- What is being asked: Skip all pictures; return exactly the lines from the one containing "Star Wars Imperial At Hauler Lego" through the end of the data.

- Information supplied:
·····
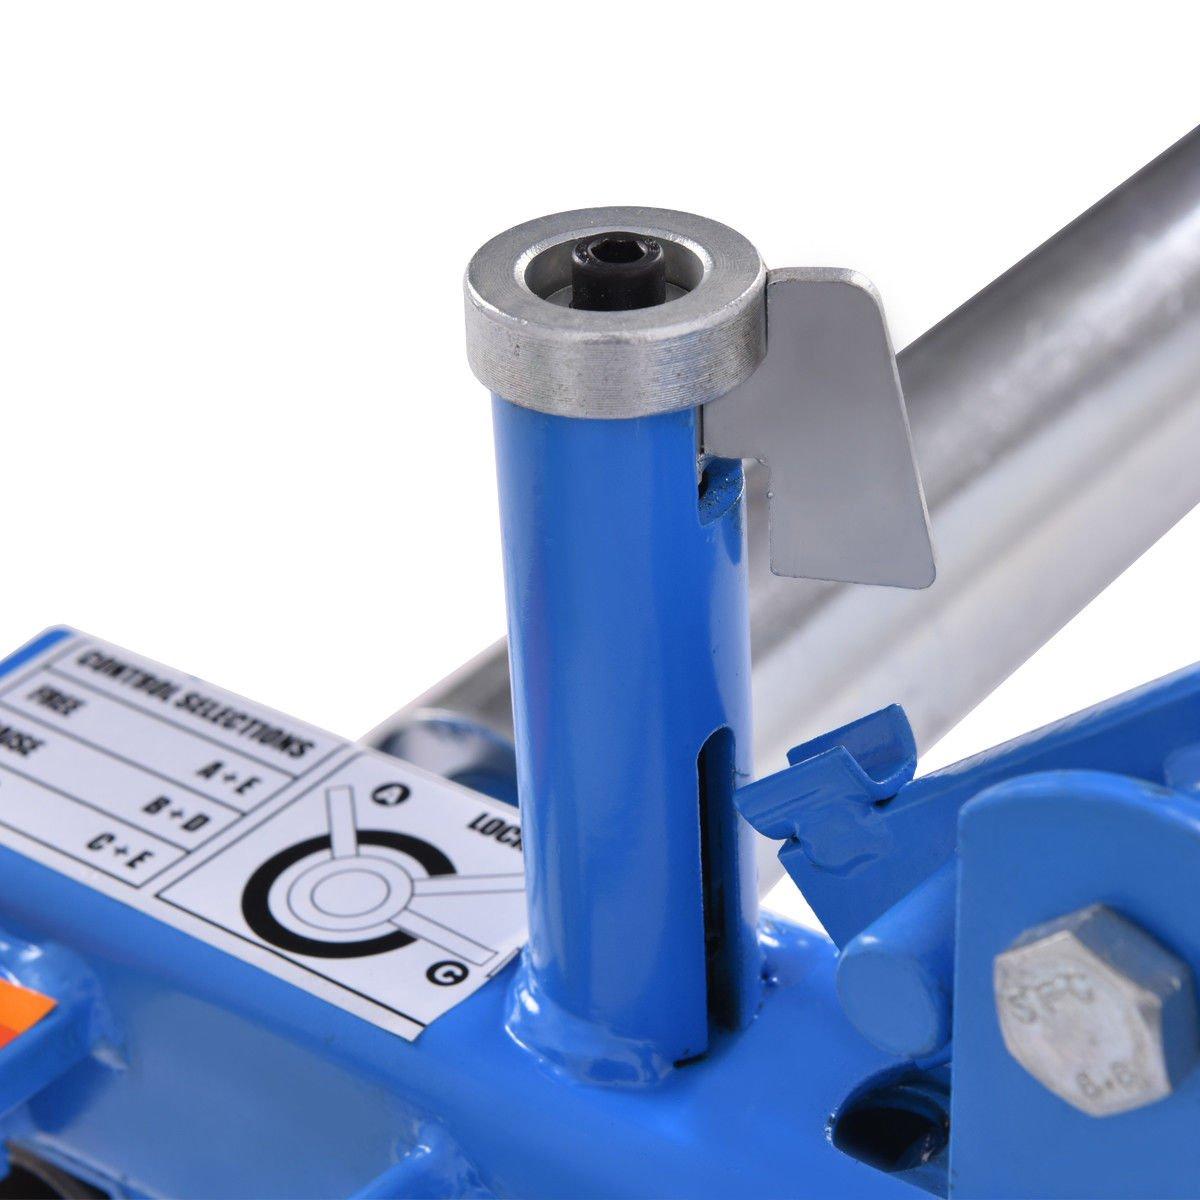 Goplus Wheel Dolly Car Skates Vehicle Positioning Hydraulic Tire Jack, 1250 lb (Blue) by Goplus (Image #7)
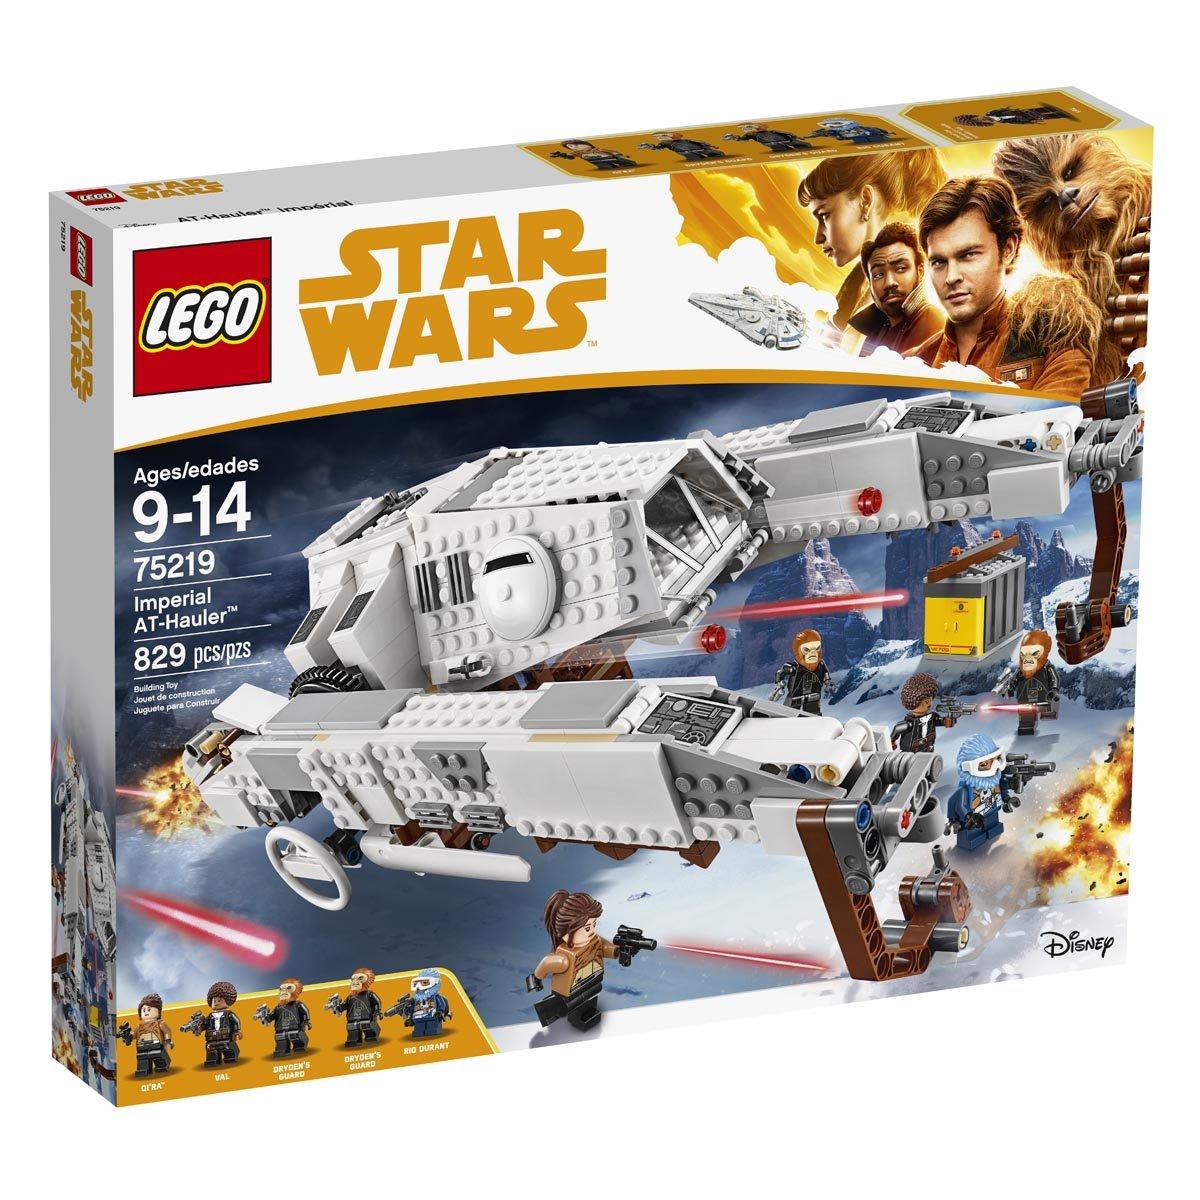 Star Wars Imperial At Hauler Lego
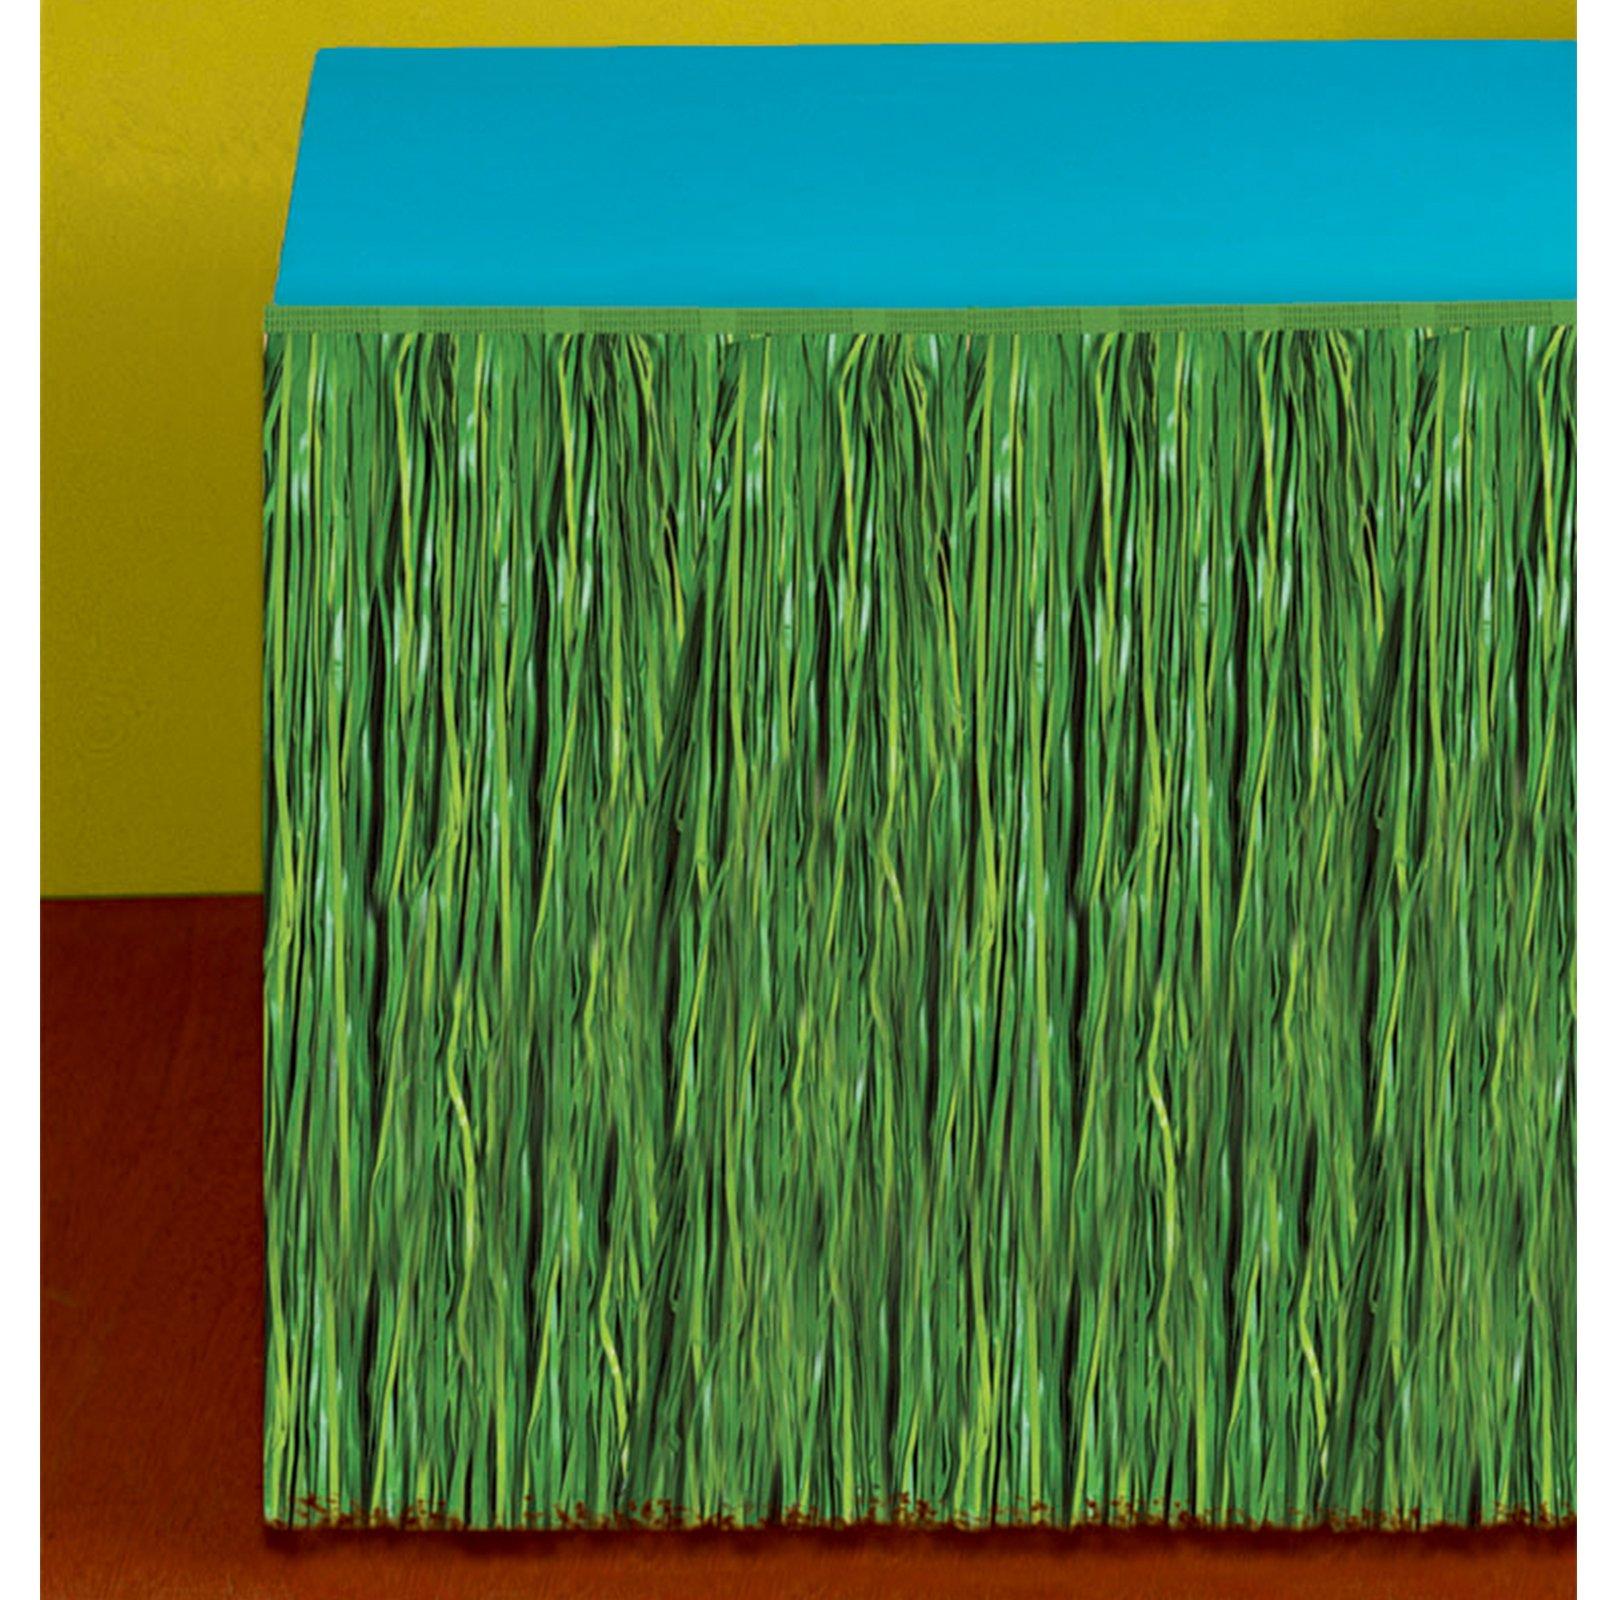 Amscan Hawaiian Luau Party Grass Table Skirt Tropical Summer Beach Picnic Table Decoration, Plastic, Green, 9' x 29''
·····
- Task answer:
 Star Wars Imperial At Hauler Lego
 Amscan Hawaiian Luau Party Grass Table Skirt Tropical Summer Beach Picnic Table Decoration, Plastic, Green, 9' x 29''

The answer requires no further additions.